Last time round we had some posts from FreeTrader, so this time round I've included a comparison graph that FT provided last time on the thread You Call That A Boom?

The measure I graph on its own (LPMBZ2A) is pretty self-explanatory. Comprehension of the other measure is a little above my pay grade so I'll just quote FreeTrader's comment:

LPMBD93 is basically bank deposits of households and private non-financial corporations (not to be confused with M4ex which is a somewhat wider measure of broad money). Up until 2002 this metric slightly exceeded the household debt measure, but then the situation reversed and there was a growing 'funding gap'.
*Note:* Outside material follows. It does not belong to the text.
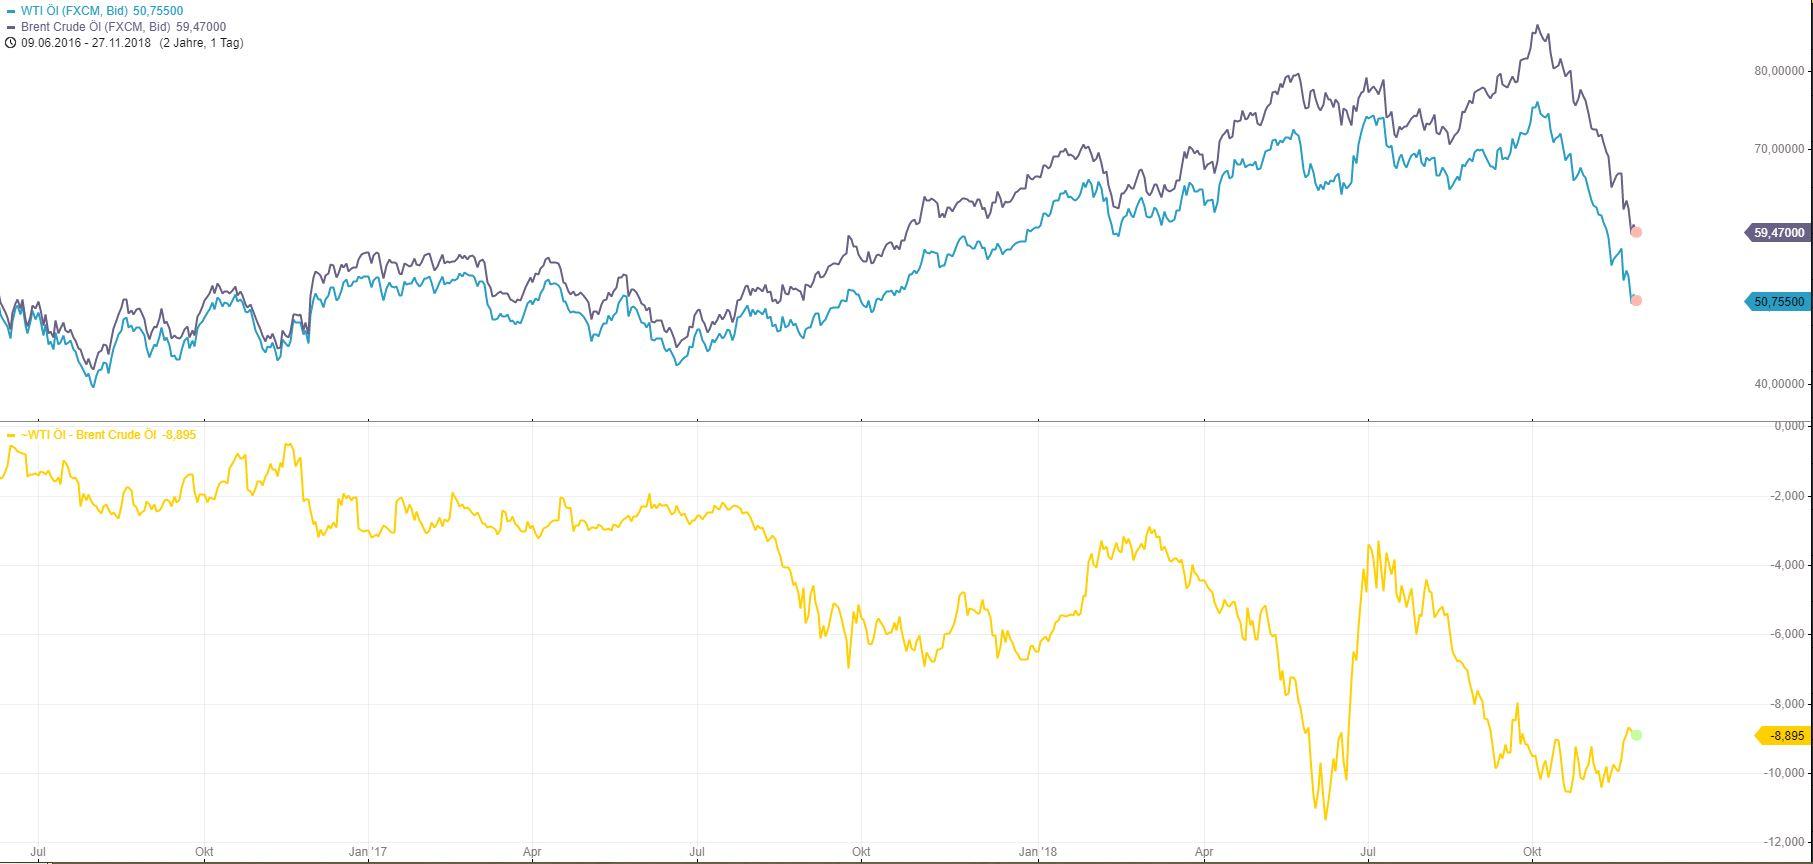 ÖL-Spread-Tradingidee-und-Scheinvorstellung-Chartanalyse-Armin-Hecktor-GodmodeTrader.de-2

As we know, the household debt measure flat-lined when the credit crunch hit, and as loans create deposits we might have expected our broad money measure to do the same. However the BoE stepped in with QE with the deliberate intent of increasing the money supply in the absence of lending growth. This is why those who say QE has failed because it had no effect on lending have missed the point – the BoE made no secret of the fact that they didn't expect much of a lending response; money printing would take up the slack.

The LPMBD93 measure has increased by £211bn since QE started and the gap between the two measures has now closed. So it's going to be interesting to see what happens from here onwards because QE has finished (for the moment at least) but there's a big push from both the govt and BoE to get households to borrow more.

Anyway - to the graphs

LPMBZ2A.png

Individuals+and+M4.png

You can see that despite the monumental effort to get households borrowing and spending and all the talk of the 'recovery' being based on people borrowing and consuming, the actual increase in how much people are borrowing is very, very weak.
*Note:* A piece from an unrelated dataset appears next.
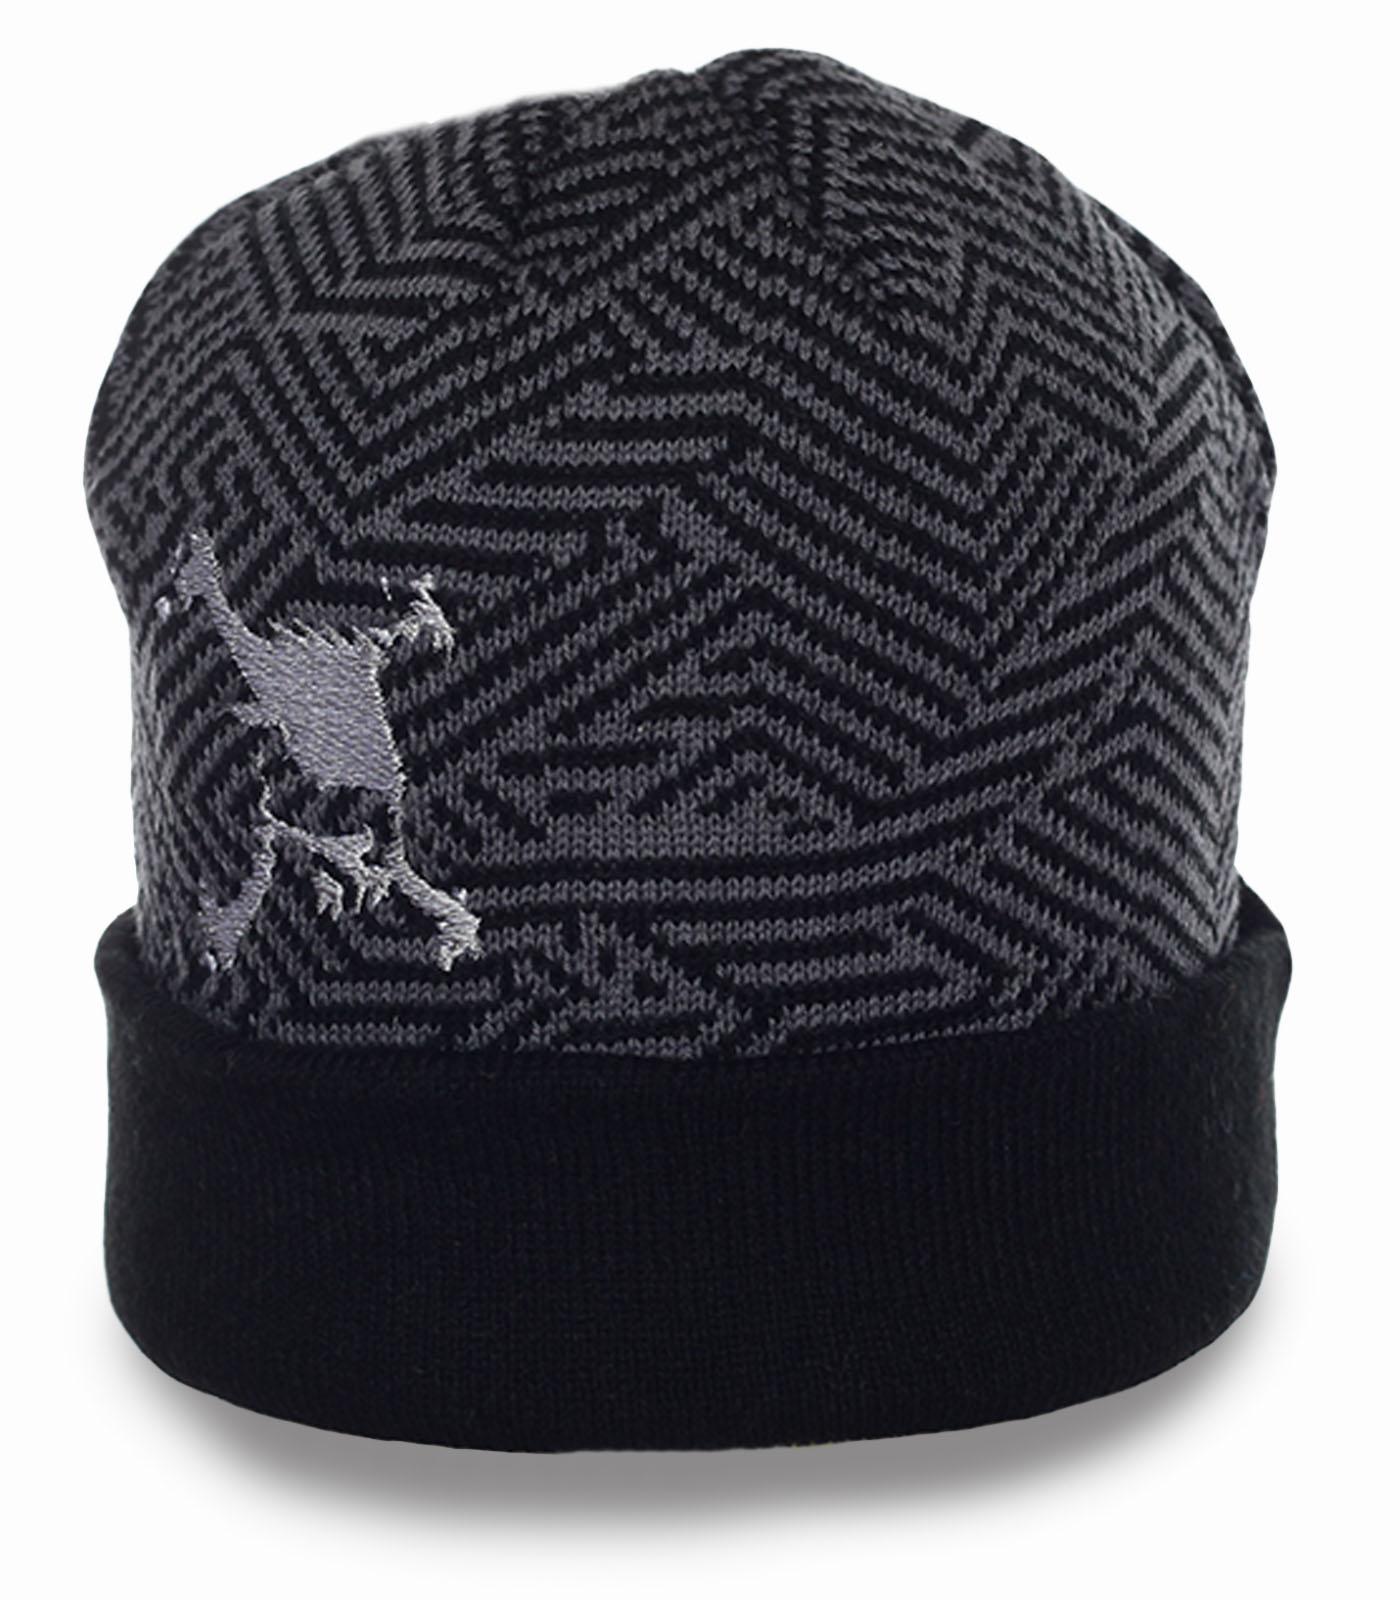 Практичная мужская шапка на каждый день. Теплый головной убор на каждый день и не только

Since April 2013 the change in ouststanding lending to individuals has been consistently positive for a run over a year, and that hadn't happened the crisis hit in late 2008. Further in the last six months the monthly increase has been between £1,000 million and £2,000 million and was £2,975 million in March 2014 - the latest month for which data is provided by the Bank of England Interactive Database - but as you can clearly see the rate of credit growth is still puny compared to the boom years where we'd typically add £8,000 million to £10,000 million month after month, year after year.

Expressed as a percentage of the total outstanding, during the boom years monthly credit growth would be typically 0.8% of the total outstanding (the average for August 2003 to July 2008 is 0.78%). For the last six months its 0.12%.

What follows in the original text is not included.